# (Solved) Missing WS2_32.dll



## JoAnnD (Aug 6, 2002)

My computer is telling me I have a missing ws2_32.dll file. Can you tell me how to fix this problem? 

Thanks--------


----------



## Davey7549 (Feb 28, 2001)

JoAnn
Welcome to TSG!
First lets see if the DLL is indeed missing from your system, go to start\find-search and type in ws2_32.dll 
The file should be listed in C:\Windows\System if so right click it and select properties and record version. 

Come back and list version if there, also what OS you are using (Win98, 98SE,ME so on) and also when does this arror appear.

Dave


----------



## JoAnnD (Aug 6, 2002)

Hi, Dave------

The file is only listed under "Unzipped". I tried to download it and reinstall, but couldn't figure out what to do after it was unzipped.
I am using Windows 95.

Thanks for your help-------


----------



## JoAnnD (Aug 6, 2002)

Hi, Dave------

The error report saying I have a missing file, shows up every time I start the computer. I can't run AG Satellite and computer games won't play.

Thanks, again------------


----------



## Davey7549 (Feb 28, 2001)

JoAnn
I do not believe the file is a standard Win95 dll but could be wrong, so it may of came along with some program installation.
Lets try this if the dll is located in an unzipped folder somewhere we need to get a copy of it into C:\Windows\System folder.
Copy the dll and locate the C:\Windows\System folder and paste it there. See if that fixes the problem. 
Hope it will since we do not know what program origianally brought it on board for its use.

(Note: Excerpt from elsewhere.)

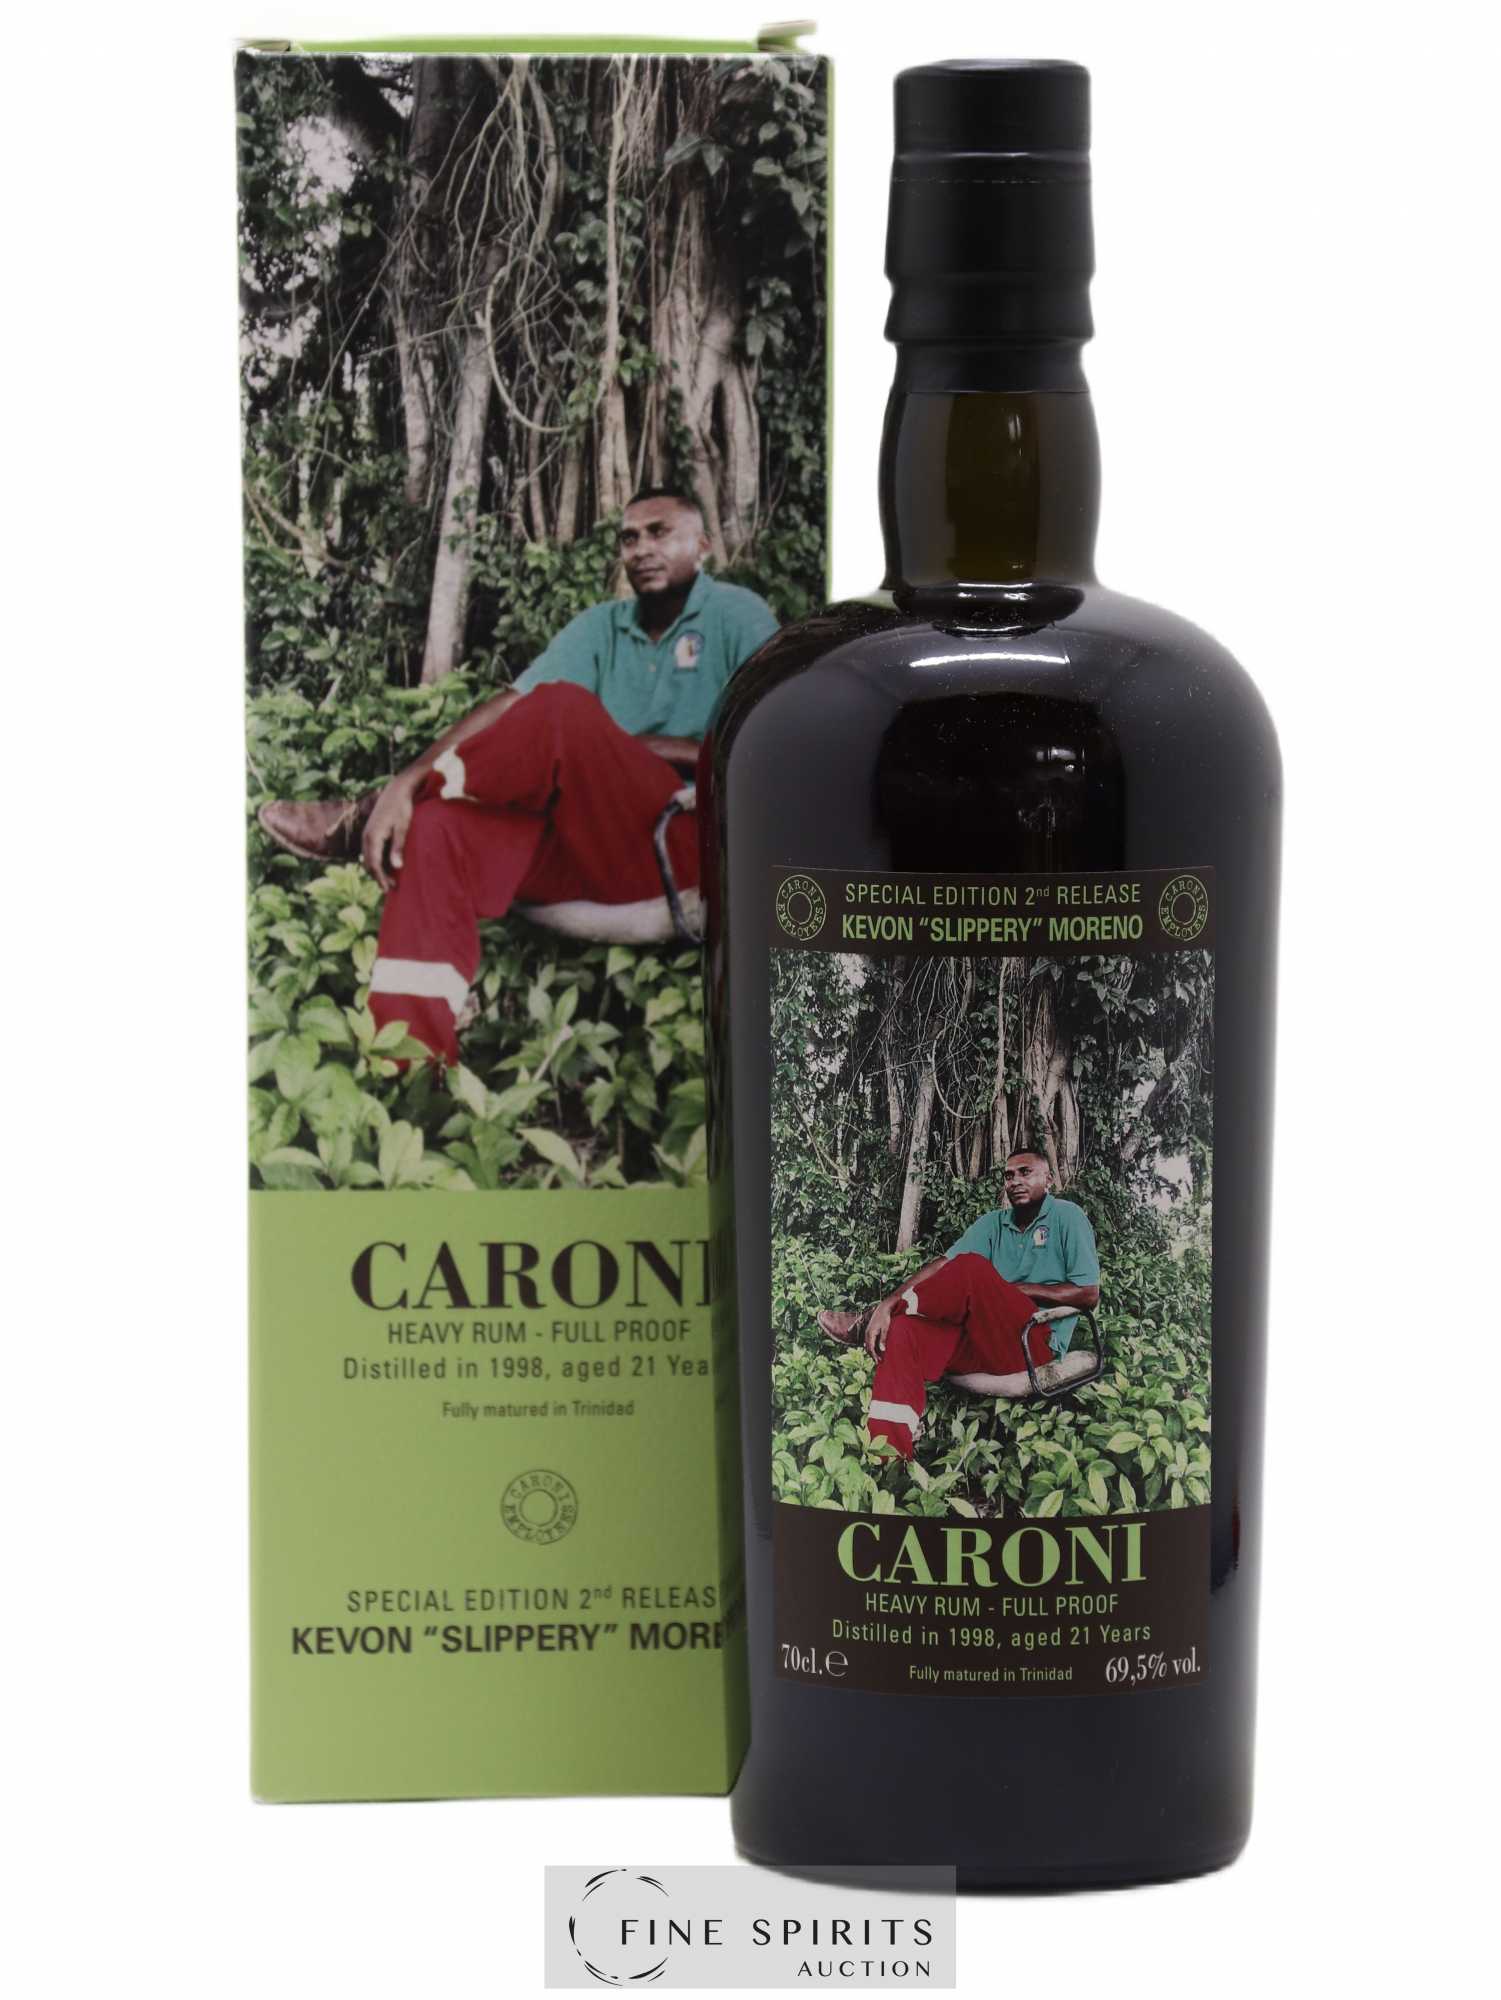 Caroni 21 years 1998 Velier Special Edition Kevon Slippery Moreno 2nd Release - One of 1400 - bottled 2019 Employee Serie

Also did you happen to click the properties and get the version of it?

Dave


----------



## JoAnnD (Aug 6, 2002)

Hi, Dave-------

Thanks for all your help. Followed your instructions, then re-started and the box didn't show up any more. 
Went to "Find" and it now shows I have the file where you said it should be!

Thanks, thanks, thanks!


----------



## Davey7549 (Feb 28, 2001)

JoAnn
Thats great! How about the AG Satellite and computer games are they able to run or is that another problem?

Dave


----------



## JoAnnD (Aug 6, 2002)

Hi, Dave-------

Havn't had time to try a game yet, but the AG Satellite is working, so I think we've fixed it. 

Thanks, again, for your time and help!!!!!!!


----------



## Davey7549 (Feb 28, 2001)

JoAnn
Alrighty then we will consider this problem solved! Have a great evening and stop by anytime.

Dave


----------